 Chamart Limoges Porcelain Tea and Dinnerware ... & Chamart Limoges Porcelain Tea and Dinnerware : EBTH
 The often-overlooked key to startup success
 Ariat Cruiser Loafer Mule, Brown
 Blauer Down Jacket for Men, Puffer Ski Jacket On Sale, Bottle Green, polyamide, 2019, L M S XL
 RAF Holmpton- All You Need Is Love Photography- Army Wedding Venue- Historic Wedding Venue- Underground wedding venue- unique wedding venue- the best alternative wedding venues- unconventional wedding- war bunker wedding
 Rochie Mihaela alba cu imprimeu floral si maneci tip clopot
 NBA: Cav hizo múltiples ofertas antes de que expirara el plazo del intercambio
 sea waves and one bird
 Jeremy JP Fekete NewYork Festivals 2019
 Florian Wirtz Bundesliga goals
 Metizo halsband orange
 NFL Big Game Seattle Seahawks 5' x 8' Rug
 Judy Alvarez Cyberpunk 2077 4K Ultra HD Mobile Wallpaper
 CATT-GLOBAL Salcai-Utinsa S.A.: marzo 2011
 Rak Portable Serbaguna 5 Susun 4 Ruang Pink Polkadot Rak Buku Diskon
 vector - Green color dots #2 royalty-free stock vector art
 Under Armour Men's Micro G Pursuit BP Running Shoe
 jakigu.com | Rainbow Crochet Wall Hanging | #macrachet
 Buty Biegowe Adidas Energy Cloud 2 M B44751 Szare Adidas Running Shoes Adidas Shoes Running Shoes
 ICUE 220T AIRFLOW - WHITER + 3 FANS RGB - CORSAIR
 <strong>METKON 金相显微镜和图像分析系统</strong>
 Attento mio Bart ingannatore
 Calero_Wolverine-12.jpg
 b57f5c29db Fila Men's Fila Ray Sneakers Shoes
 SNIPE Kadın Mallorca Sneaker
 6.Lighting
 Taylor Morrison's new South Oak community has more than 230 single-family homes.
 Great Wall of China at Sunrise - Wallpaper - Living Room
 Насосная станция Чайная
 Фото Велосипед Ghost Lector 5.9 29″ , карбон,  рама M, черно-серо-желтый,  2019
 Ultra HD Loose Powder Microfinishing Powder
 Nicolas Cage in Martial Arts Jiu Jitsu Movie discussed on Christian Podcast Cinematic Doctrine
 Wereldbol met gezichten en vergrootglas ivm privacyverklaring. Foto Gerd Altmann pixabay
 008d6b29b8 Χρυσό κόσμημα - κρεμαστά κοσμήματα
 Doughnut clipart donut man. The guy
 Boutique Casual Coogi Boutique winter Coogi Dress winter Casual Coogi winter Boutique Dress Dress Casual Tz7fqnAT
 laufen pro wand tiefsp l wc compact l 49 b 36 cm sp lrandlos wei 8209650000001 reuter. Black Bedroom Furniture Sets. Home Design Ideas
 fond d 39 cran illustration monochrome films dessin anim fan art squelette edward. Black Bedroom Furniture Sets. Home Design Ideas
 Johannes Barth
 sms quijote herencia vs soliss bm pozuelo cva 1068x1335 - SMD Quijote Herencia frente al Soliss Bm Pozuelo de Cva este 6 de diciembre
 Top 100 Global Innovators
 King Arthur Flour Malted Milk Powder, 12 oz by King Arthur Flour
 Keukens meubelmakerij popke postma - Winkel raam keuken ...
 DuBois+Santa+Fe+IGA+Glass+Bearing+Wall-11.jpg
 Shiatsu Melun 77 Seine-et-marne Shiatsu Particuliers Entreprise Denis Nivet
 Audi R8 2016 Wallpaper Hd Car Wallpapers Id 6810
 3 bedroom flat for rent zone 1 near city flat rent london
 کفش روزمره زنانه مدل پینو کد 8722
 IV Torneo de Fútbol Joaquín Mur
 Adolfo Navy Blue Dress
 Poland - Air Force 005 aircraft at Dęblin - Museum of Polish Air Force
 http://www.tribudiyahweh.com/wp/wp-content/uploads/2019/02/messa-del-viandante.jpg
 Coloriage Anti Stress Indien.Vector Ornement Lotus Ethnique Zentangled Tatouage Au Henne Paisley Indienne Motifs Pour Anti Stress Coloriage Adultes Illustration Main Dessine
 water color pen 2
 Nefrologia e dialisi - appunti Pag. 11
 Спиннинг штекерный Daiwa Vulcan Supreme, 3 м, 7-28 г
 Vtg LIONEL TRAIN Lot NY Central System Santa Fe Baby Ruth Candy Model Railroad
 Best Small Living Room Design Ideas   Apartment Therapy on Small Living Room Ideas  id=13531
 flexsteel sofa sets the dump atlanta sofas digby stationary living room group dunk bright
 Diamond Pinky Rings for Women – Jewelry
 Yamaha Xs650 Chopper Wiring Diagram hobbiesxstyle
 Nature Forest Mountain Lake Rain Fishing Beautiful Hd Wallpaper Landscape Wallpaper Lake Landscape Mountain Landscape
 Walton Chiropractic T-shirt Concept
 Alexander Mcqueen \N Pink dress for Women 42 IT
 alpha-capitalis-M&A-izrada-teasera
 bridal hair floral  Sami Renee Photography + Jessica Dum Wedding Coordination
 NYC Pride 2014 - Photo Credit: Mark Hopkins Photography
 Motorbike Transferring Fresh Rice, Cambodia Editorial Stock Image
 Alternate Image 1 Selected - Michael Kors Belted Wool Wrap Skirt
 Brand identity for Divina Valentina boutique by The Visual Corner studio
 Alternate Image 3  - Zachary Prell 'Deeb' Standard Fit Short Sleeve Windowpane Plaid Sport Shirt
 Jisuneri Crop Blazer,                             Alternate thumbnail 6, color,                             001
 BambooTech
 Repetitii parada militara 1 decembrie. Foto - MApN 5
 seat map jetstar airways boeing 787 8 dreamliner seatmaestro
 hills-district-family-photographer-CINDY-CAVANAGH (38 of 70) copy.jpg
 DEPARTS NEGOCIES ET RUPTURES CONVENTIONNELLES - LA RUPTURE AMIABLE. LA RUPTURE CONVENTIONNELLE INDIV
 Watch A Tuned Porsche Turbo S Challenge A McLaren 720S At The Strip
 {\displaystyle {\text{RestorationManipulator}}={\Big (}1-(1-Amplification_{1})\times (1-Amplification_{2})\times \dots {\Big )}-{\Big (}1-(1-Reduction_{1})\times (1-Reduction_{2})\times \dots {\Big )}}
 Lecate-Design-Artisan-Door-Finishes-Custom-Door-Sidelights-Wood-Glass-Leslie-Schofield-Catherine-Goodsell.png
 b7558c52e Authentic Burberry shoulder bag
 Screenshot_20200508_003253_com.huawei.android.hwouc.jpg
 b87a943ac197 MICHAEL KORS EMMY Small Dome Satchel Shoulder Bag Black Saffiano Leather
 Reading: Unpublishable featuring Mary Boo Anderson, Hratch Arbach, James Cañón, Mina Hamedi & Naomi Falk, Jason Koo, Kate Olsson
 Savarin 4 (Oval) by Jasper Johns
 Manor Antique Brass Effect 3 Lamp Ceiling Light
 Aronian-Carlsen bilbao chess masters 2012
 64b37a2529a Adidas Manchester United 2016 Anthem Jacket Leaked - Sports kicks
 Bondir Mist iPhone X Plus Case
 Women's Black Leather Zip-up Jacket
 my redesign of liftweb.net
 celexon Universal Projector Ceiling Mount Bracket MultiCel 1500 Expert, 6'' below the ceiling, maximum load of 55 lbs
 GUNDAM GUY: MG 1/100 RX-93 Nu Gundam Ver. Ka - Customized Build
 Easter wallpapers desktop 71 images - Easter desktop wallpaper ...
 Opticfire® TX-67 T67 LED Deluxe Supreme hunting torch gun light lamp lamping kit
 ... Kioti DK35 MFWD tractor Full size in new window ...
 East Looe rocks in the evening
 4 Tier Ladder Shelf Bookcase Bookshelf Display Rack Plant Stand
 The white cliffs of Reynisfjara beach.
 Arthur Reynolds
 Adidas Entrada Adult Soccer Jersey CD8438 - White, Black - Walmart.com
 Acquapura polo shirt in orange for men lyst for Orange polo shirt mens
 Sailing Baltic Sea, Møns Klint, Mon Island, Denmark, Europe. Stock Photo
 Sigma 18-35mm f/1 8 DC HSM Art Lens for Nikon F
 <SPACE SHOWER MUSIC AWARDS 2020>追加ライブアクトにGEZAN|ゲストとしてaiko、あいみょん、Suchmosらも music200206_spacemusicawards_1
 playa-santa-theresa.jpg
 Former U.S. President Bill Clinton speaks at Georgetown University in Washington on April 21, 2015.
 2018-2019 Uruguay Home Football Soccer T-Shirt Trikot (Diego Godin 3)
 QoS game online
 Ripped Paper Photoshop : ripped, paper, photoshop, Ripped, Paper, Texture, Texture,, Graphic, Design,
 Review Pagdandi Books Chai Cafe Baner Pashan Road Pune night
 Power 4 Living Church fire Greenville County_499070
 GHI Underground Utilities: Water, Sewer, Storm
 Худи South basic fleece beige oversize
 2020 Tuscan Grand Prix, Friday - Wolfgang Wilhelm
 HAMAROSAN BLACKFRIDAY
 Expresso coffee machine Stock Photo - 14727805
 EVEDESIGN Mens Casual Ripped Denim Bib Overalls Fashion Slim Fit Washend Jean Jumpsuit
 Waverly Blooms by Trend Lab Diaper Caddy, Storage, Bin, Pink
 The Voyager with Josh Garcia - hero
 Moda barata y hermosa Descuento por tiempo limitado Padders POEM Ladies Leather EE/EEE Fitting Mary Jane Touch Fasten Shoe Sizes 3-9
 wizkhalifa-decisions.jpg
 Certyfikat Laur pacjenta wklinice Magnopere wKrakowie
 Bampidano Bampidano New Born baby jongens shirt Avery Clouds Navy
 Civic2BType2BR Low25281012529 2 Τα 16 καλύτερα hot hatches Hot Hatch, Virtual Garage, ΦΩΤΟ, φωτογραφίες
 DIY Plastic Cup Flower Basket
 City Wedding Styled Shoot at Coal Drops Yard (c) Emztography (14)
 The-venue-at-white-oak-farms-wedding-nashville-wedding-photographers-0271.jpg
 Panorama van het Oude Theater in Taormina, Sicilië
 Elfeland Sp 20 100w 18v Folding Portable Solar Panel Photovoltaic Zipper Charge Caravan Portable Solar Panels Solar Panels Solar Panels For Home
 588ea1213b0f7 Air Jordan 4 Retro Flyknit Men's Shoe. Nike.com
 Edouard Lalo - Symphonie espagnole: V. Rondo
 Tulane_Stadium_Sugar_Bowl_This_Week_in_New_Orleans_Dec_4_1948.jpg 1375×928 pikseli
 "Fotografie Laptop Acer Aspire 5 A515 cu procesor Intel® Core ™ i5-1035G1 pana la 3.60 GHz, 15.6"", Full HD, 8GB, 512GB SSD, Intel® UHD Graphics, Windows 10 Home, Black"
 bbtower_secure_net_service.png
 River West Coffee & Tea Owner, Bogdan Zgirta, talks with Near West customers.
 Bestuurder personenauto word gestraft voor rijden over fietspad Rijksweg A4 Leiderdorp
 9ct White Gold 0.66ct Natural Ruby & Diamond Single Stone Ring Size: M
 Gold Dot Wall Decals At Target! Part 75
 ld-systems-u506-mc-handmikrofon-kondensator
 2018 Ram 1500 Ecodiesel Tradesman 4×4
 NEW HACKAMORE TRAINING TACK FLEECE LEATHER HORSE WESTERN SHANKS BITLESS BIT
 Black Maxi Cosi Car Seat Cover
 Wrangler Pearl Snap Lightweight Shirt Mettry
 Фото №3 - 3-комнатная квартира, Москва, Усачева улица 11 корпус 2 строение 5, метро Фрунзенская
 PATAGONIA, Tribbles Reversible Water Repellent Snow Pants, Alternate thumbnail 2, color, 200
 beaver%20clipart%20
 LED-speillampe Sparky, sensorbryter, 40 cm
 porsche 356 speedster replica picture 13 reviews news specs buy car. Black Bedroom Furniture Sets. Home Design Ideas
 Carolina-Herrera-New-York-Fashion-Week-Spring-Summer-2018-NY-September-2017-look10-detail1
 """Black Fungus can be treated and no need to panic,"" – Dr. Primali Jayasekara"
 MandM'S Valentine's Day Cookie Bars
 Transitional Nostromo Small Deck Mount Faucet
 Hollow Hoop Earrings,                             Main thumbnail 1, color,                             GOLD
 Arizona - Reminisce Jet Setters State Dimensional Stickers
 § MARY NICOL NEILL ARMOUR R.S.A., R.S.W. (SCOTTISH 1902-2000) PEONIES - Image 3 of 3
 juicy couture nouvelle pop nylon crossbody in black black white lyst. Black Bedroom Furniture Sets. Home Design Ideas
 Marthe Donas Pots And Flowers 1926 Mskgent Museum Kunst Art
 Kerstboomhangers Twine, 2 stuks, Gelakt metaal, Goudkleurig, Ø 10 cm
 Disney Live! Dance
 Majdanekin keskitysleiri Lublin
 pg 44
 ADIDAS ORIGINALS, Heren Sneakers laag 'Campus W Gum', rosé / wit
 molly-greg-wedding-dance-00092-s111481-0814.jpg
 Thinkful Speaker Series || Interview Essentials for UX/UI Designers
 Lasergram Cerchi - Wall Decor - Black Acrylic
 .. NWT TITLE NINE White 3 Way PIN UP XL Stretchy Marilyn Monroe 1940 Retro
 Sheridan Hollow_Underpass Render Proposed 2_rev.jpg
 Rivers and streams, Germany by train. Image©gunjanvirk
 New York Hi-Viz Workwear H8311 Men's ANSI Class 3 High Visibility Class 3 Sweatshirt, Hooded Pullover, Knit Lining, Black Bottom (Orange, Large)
::::::::
▸ **Task goal**: Each line in the listing where the word "Diamond" is found is to be copied.

▸ **Solution below**:
 Diamond Pinky Rings for Women – Jewelry
 9ct White Gold 0.66ct Natural Ruby & Diamond Single Stone Ring Size: M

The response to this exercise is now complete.